The two stories rhyme. In both cases a long, boring, directly observed record shows a modest, roughly linear trend that has been going on for as long as we have measured it. In both cases a shorter, model-flavoured construction is used to project an alarming acceleration into the future. And in both cases the alarming version is the one that reaches the public, gets attached to a policy, and becomes the thing “everyone knows.”
What this is for
The BGS announcement is candid about what the dataset is for. It is designed, in its own words, to help local authorities, developers, planners, mortgage lenders and insurers assess their exposure to climate-related risk. In other words, it is intended to flow into planning rules, lending decisions, insurance premiums, and house prices. A forecast built on a retired emissions scenario is going to be used to decide whether your bank will lend against a terrace in Barnet.
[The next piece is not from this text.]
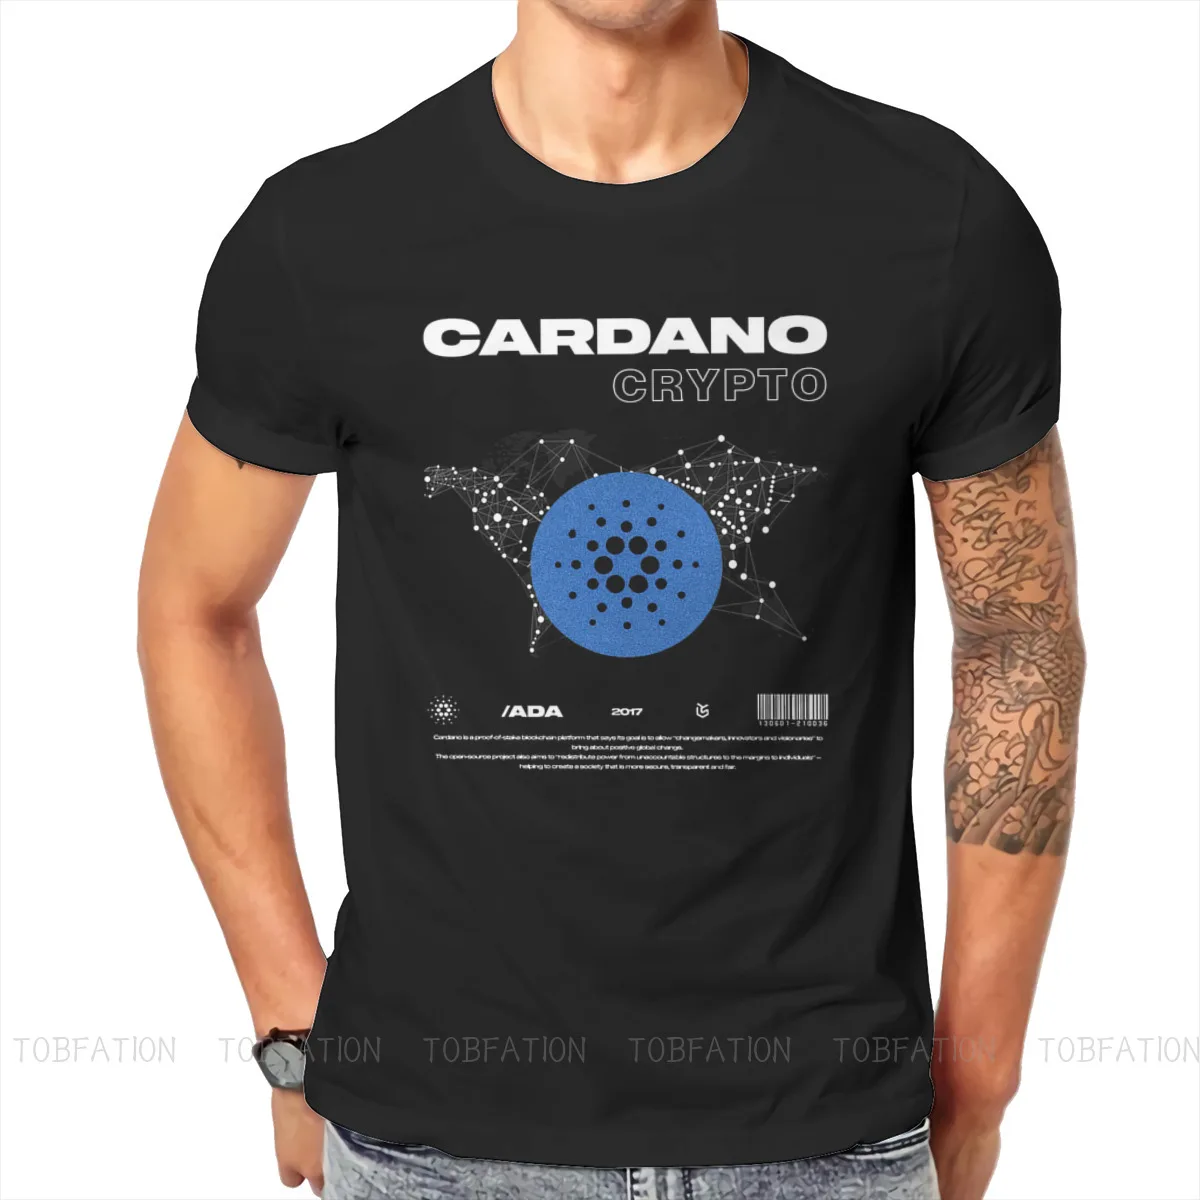 ADA Style TShirt Cardano Cryptocurrency Crypto Coin Top Quality New Design Gift Clothes  T Shirt Short Sleeve Hot Sale

And that is the part that should bother people who do not care one way or the other about climate politics. UKCP18 has not been withdrawn. The Met Office still serves it across its web pages. The BGS has now built a property-risk product on top of it. The scenario underneath has been declared implausible by the body that invented it, and the British institutional response has been to carry on as though nothing happened, because the projections are load-bearing. They hold up the Net Zero policy architecture, and you cannot pull the bottom scenario out without the upper floors getting nervous.
So the British Geological Survey, an organisation with a genuinely distinguished history of mapping the actual rocks under actual Britain, has published a forecast of four million sinking homes built on a climate scenario that the climate community retired in April. The rainfall data behind it shows no drying trend. The geology behind it has been stable since before the Romans. And the number the press ran was the one from the dead scenario.
If a graduate student turned this in, the supervisor would hand it back. But it was not turned in by a graduate student. It was published by the BGS, printed by the Guardian, and is now, somewhere in Whitehall, being quietly folded into the case for a policy that was decided long before the homes were counted.